Exercise aim:
In the listing below, a line holding "Corner Decoration Ideas" and a line holding "Adding Explicit Procedures" mark the range. Retype both exactly, with all lines between them.

━━━ Exercise input ━━━

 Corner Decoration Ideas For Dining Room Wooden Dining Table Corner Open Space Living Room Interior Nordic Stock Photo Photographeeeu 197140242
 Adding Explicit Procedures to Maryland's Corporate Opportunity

━━━
━━━ Exercise input ━━━

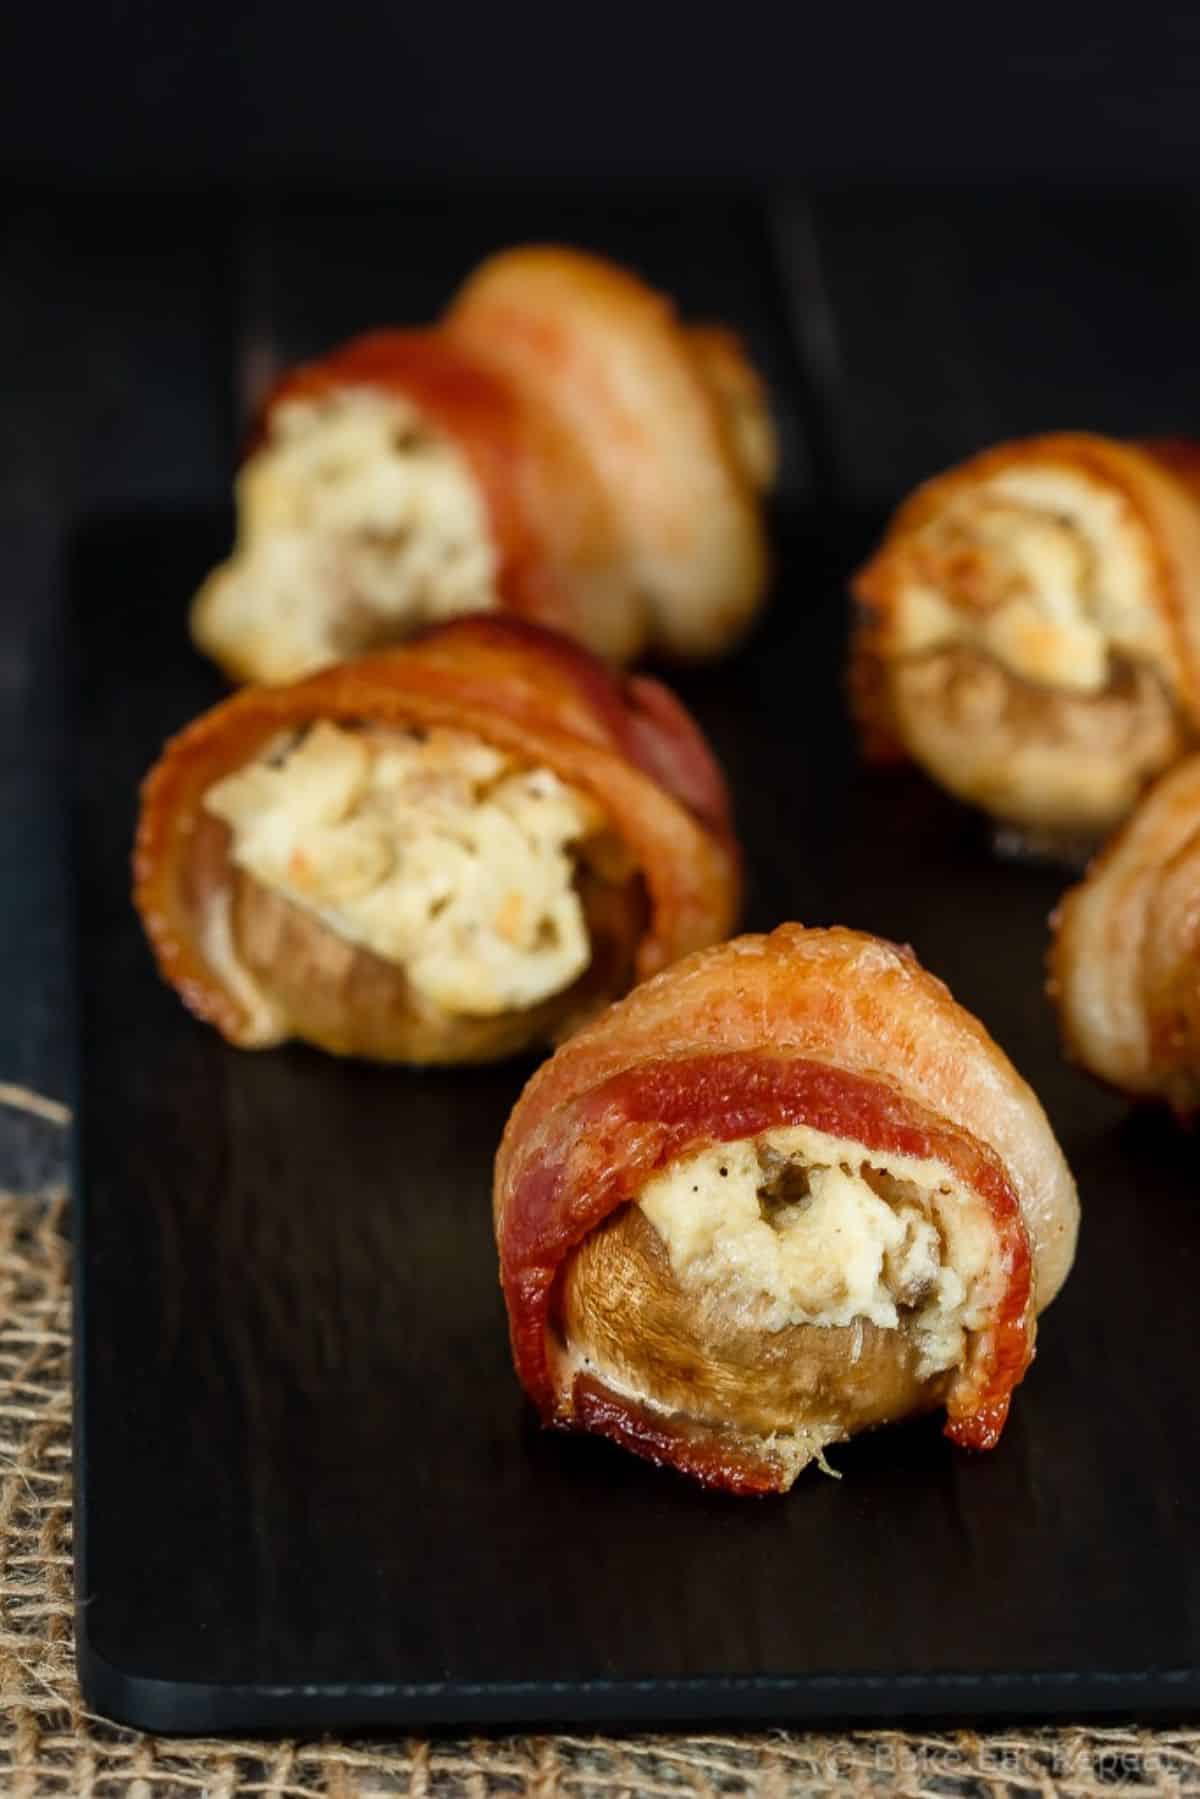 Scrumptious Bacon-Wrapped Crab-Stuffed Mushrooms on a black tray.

━━━
━━━ Exercise input ━━━

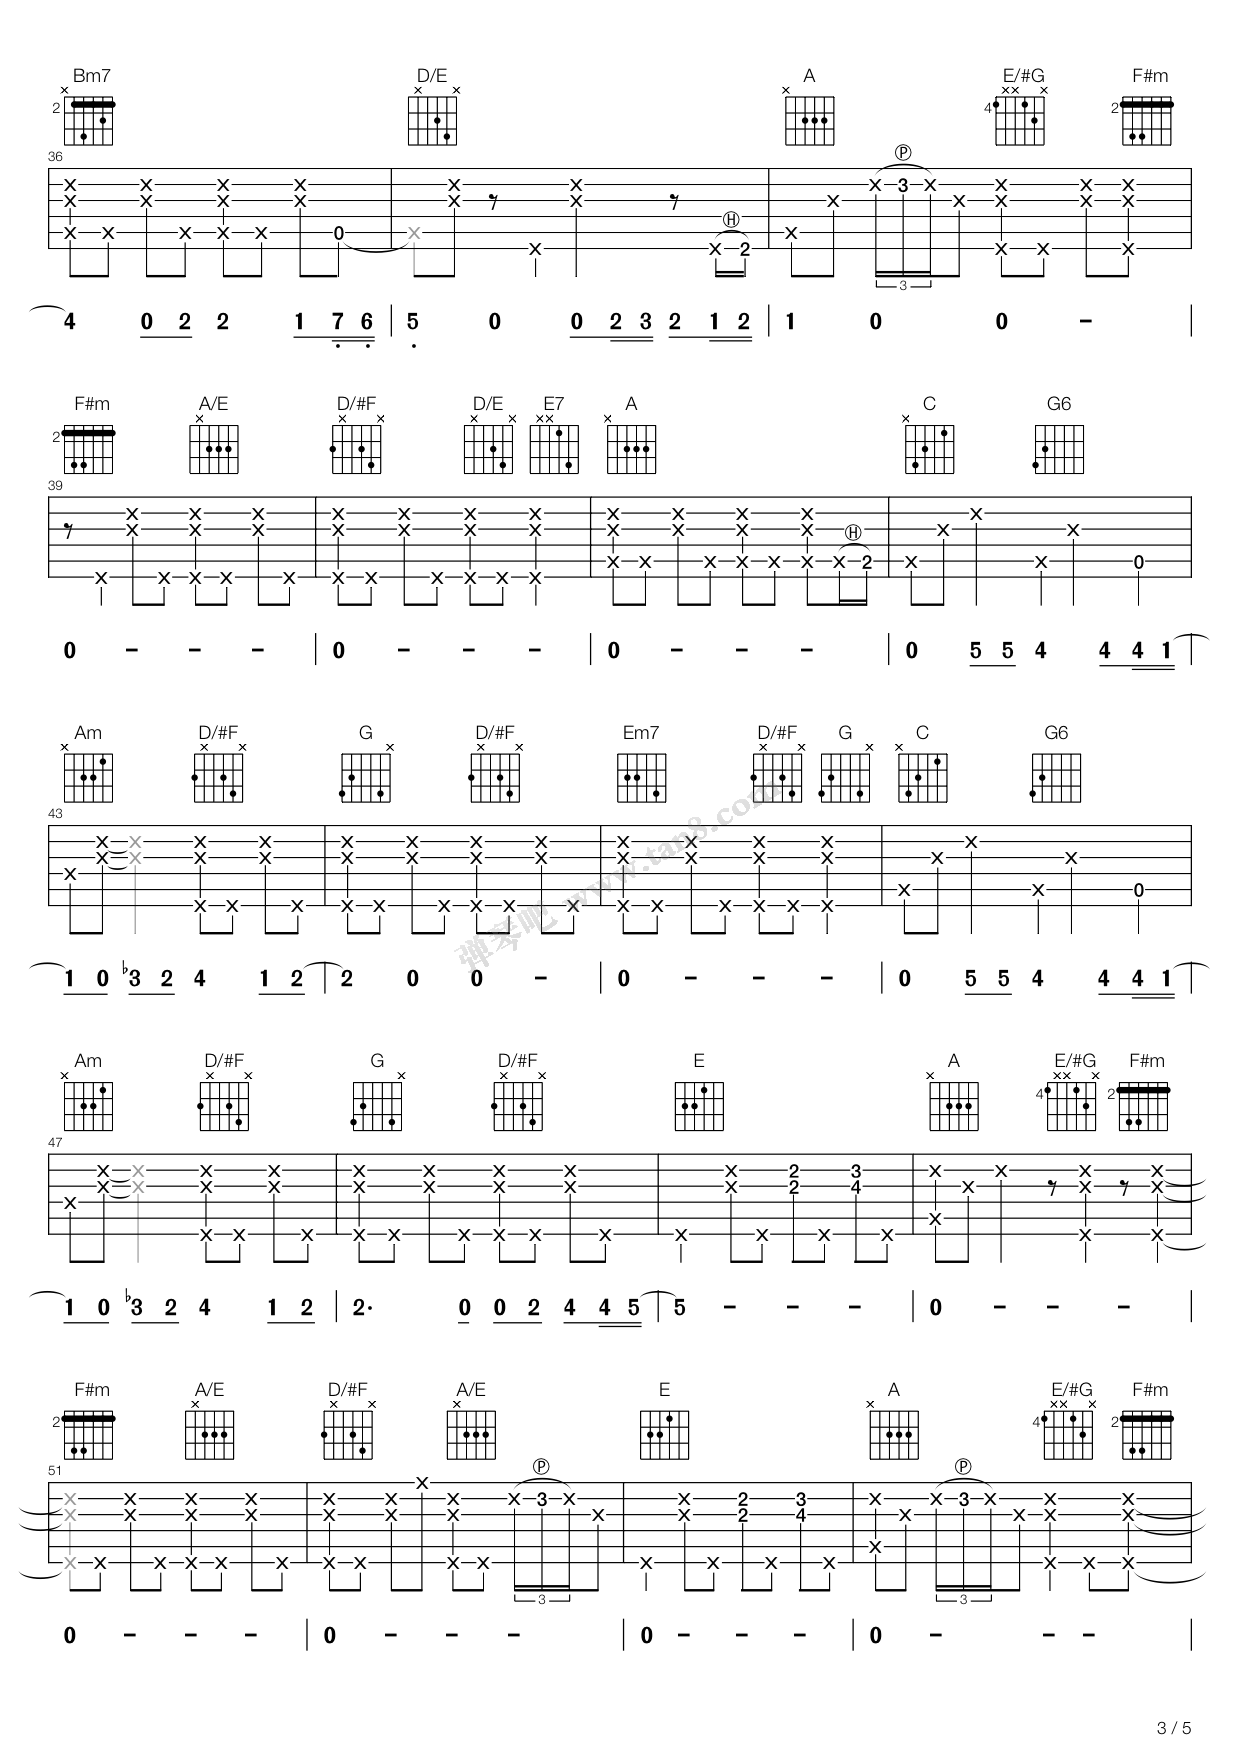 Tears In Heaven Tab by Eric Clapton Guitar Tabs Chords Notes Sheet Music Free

━━━

Written reply:
 Corner Decoration Ideas For Dining Room Wooden Dining Table Corner Open Space Living Room Interior Nordic Stock Photo Photographeeeu 197140242
 Adding Explicit Procedures to Maryland's Corporate Opportunity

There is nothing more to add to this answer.